Increasing the chunk to 1 second the results globally are better.

In the mic lib I added the command: '--buffer-time=1000000' Time is in microsec 1e-6

320ms is the optimal chunk size for latency as it matches how often the model can process input. Chunk sizes smaller than that make no difference, it’ll still be processed only after 320ms of audio are accumulated. Chunk sizes larger than that will increase latency.

1 Like

Could you please be more descriptive ? What’s “globally better” ?

What’s your NodeJS version as well ?

That seems quite low end, but it should not be that slow.

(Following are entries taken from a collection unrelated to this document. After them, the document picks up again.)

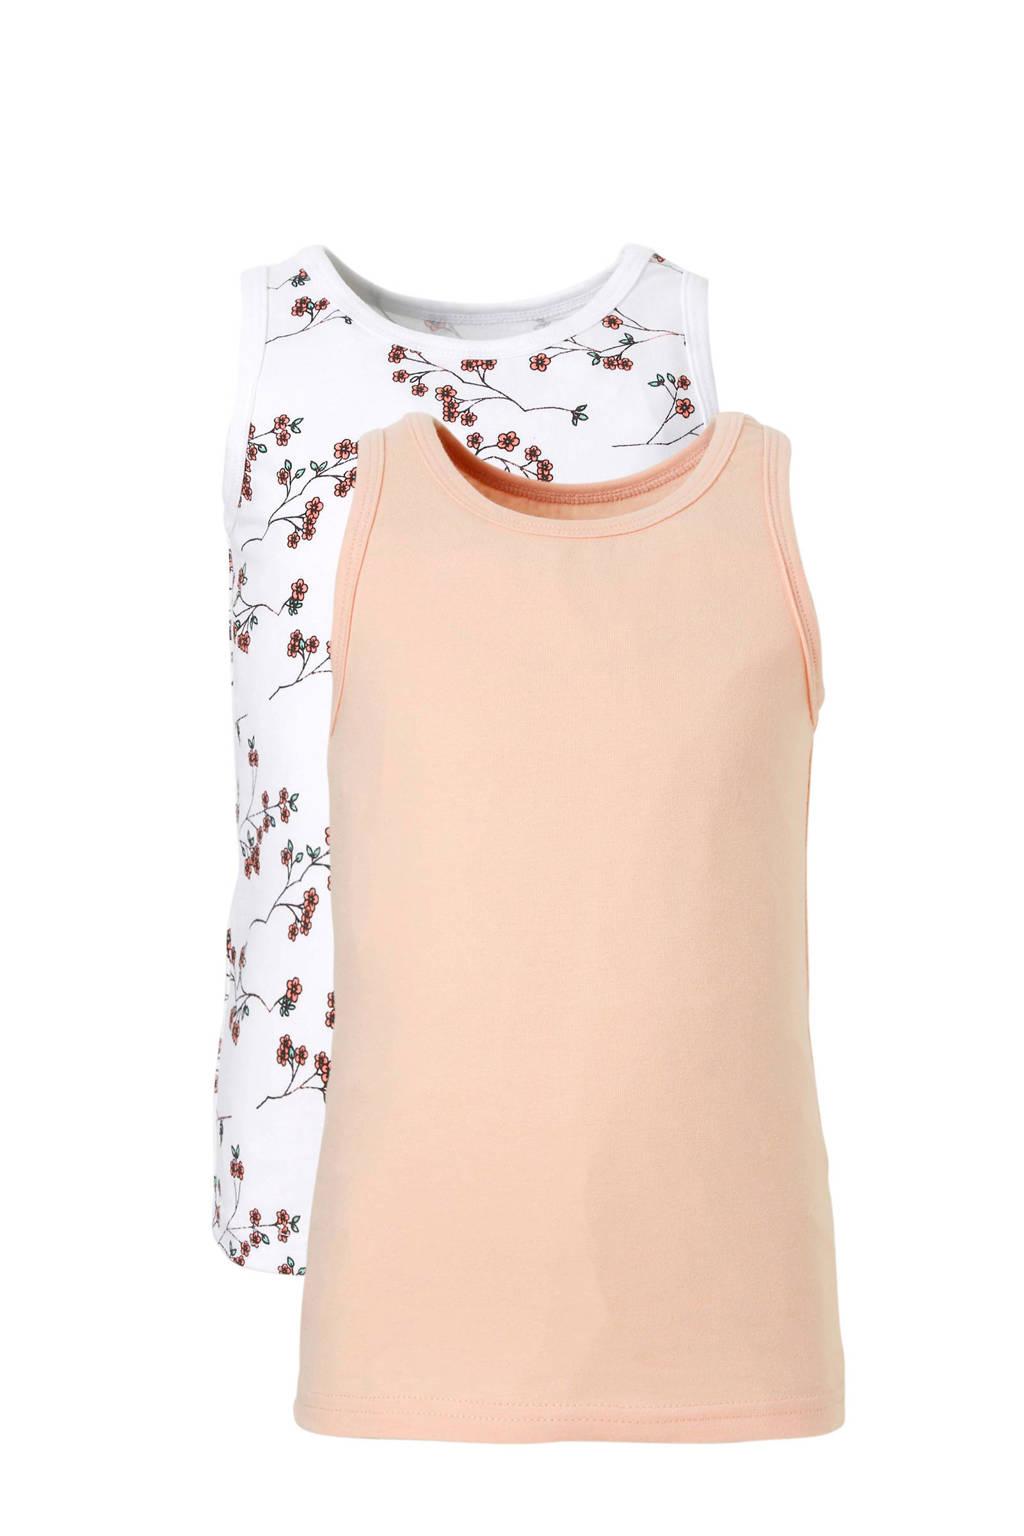 name it MINI hemd (set van 2), Licht/ roze/ wit
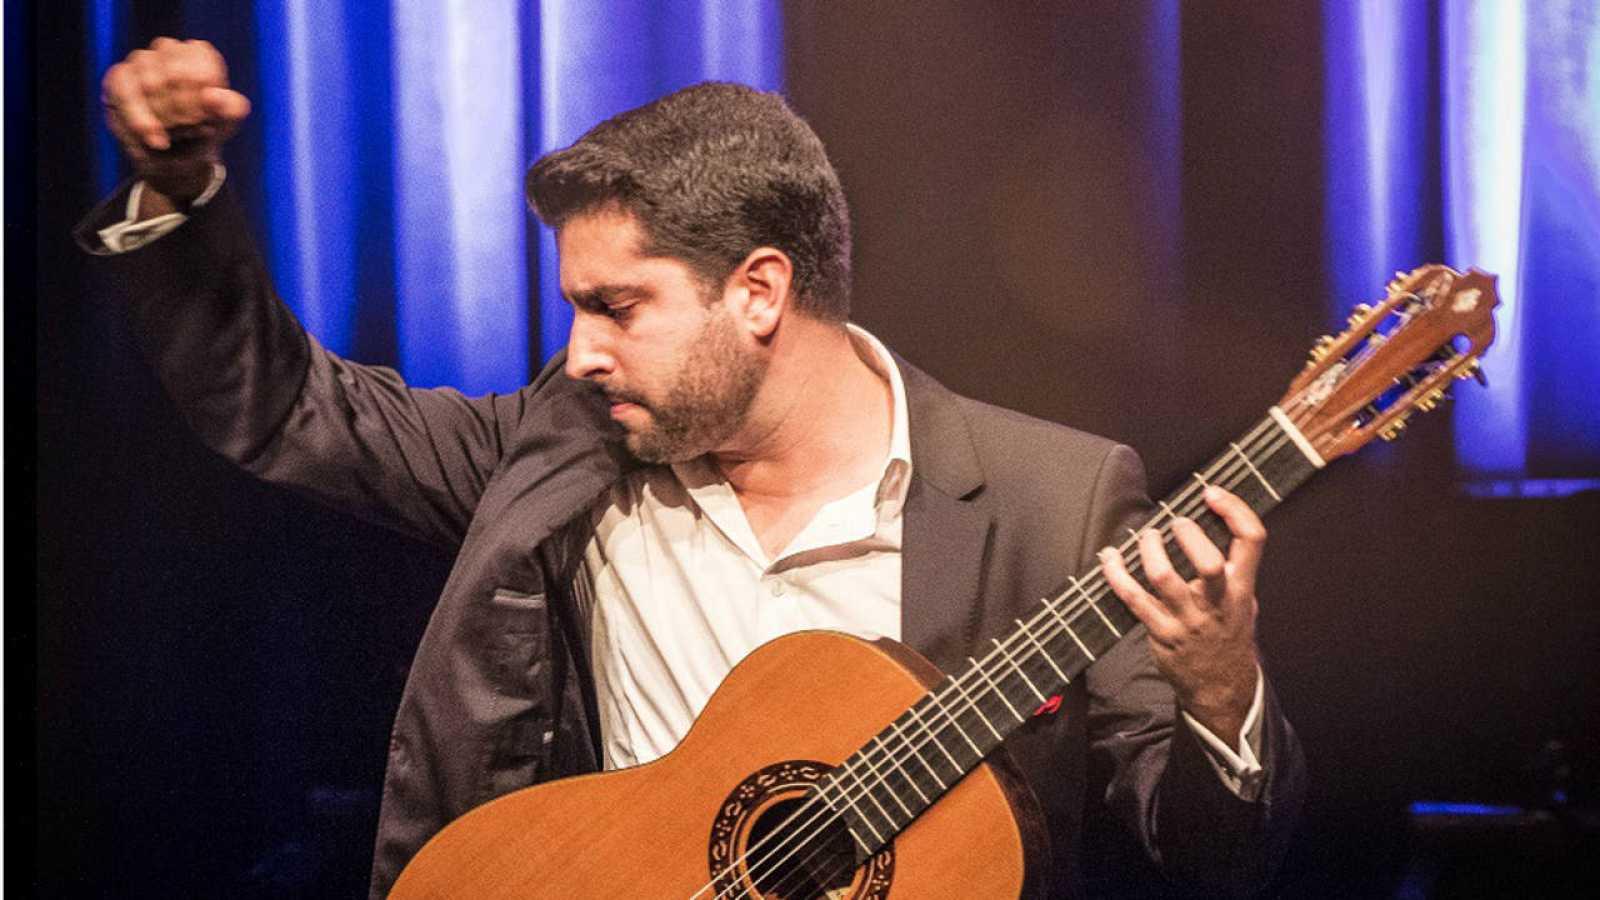 El guitarrista malaguello Rafael Aguirre
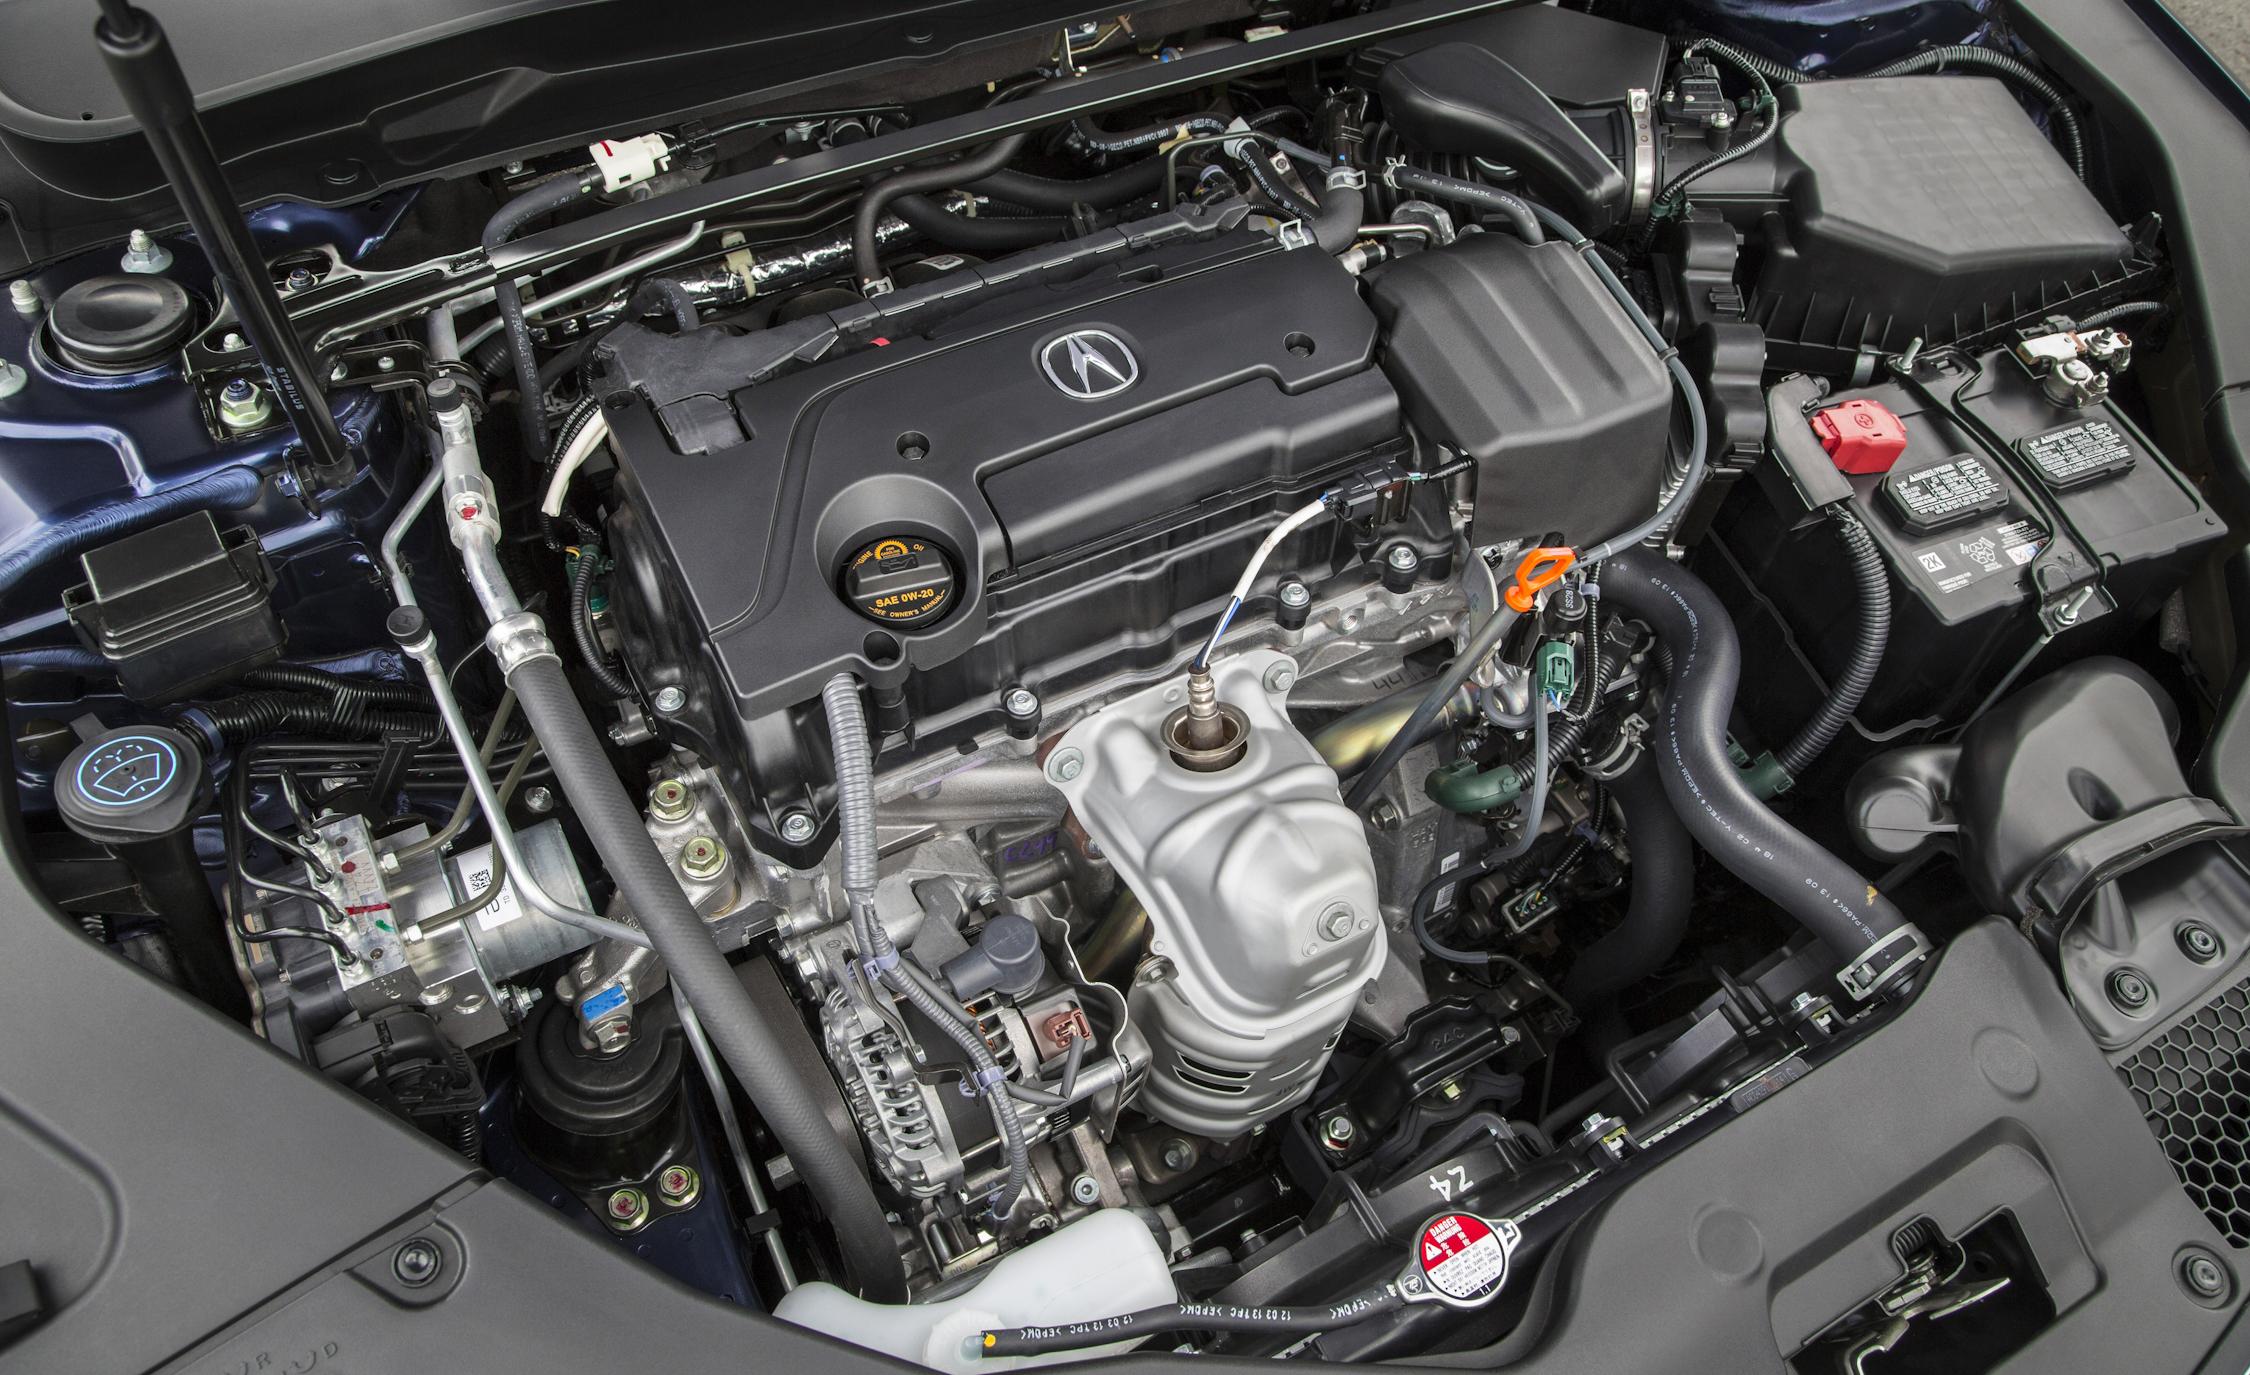 2015 Acura TLX 2.4L 2.4-Liter Inline-4 Engine
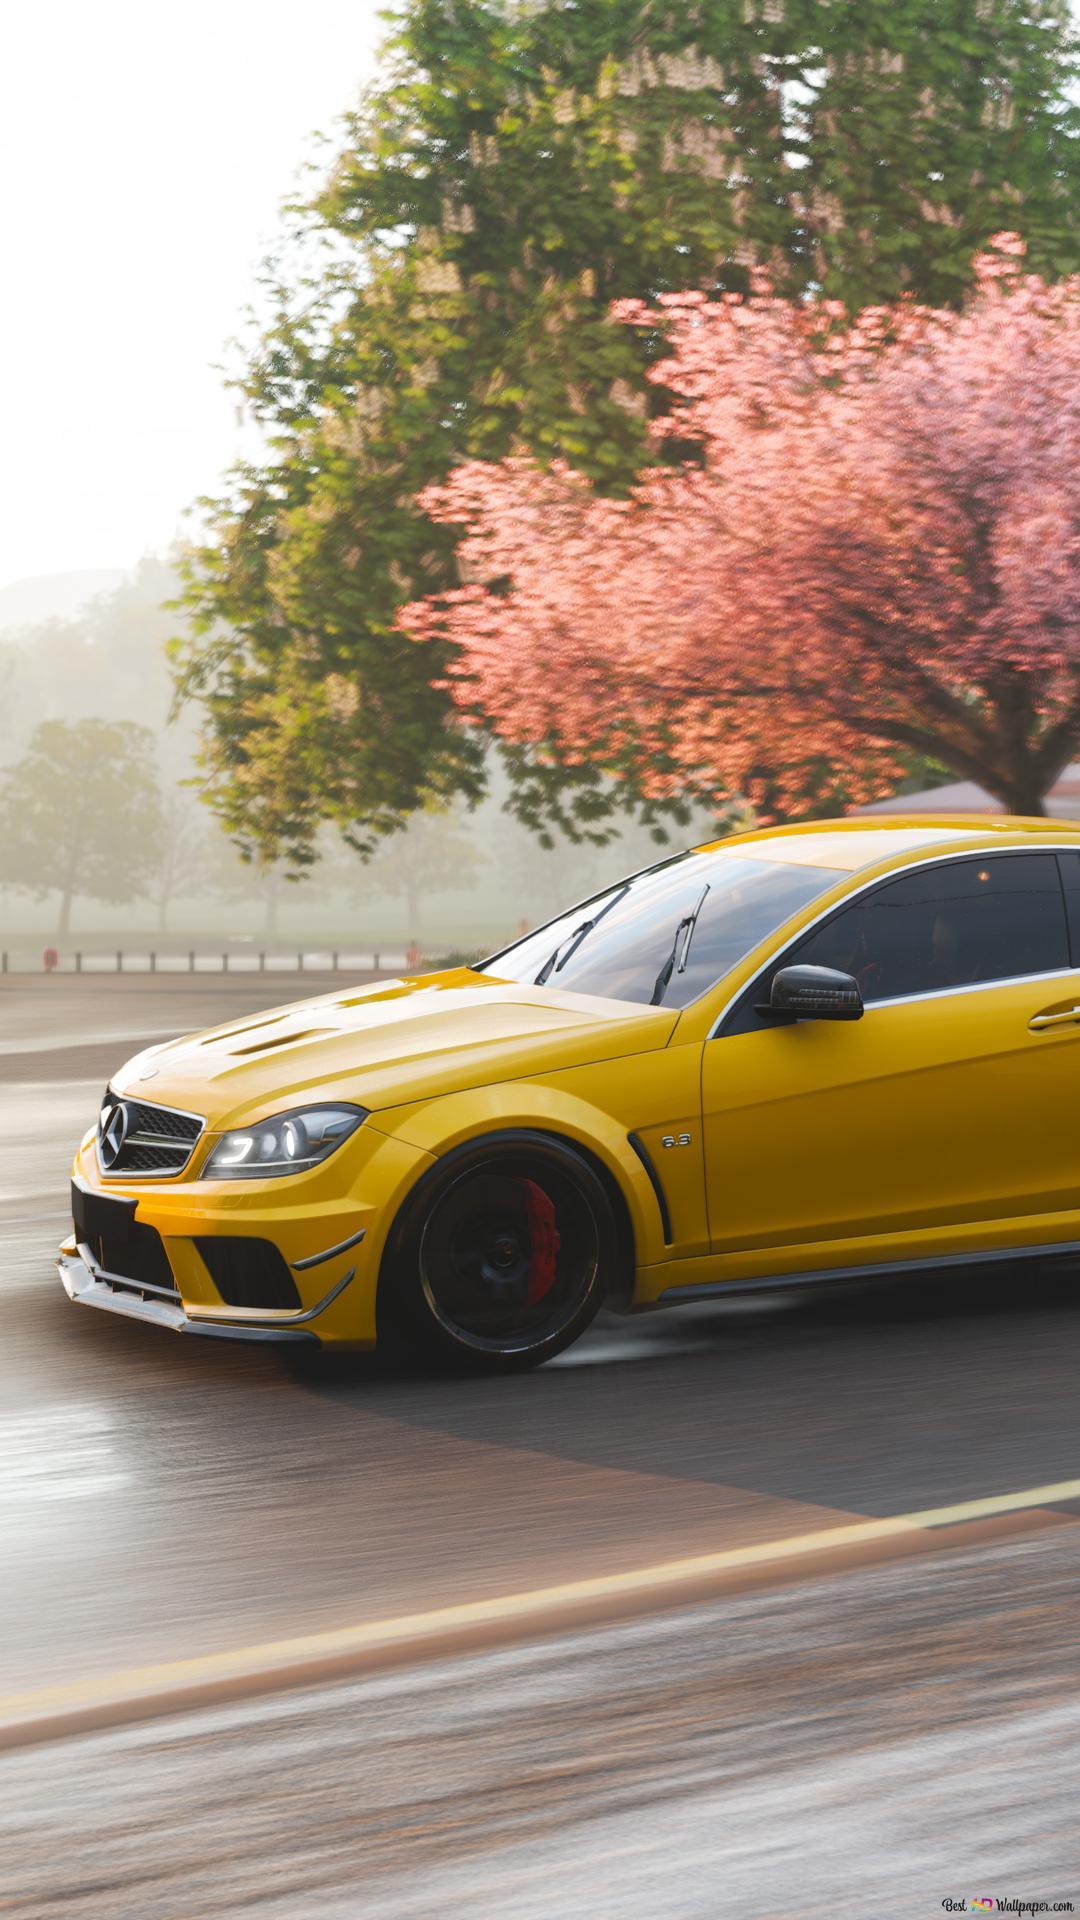 Forza Horizon 4 Rennspiel Mercedes Benz Amg C63 S Coupe Hd

Could you please reproduce speed measurement using:

  • nodejs bindings,
  • python bindings
  • C++ bindings

Using this:

$ npm install deepspeech@0.6.1
$ time deepspeech [...]
$ pip3 install deepspeech==0.6.1
$ time deepspeech [...]
$ wget https://github.com/mozilla/DeepSpeech/releases/download/v0.6.1/native_client.amd64.cpu.linux.tar.xz && tar xf native_client.amd64.cpu.linux.tar.xz
$ time ./deepspeech [...]

Node JS v 13.11

The time since I start to send chunks to the :
englishModel.feedAudioContent(modelStream, chunk.slice(0, chunk.length / 2));
until I process all the chunks received is lower.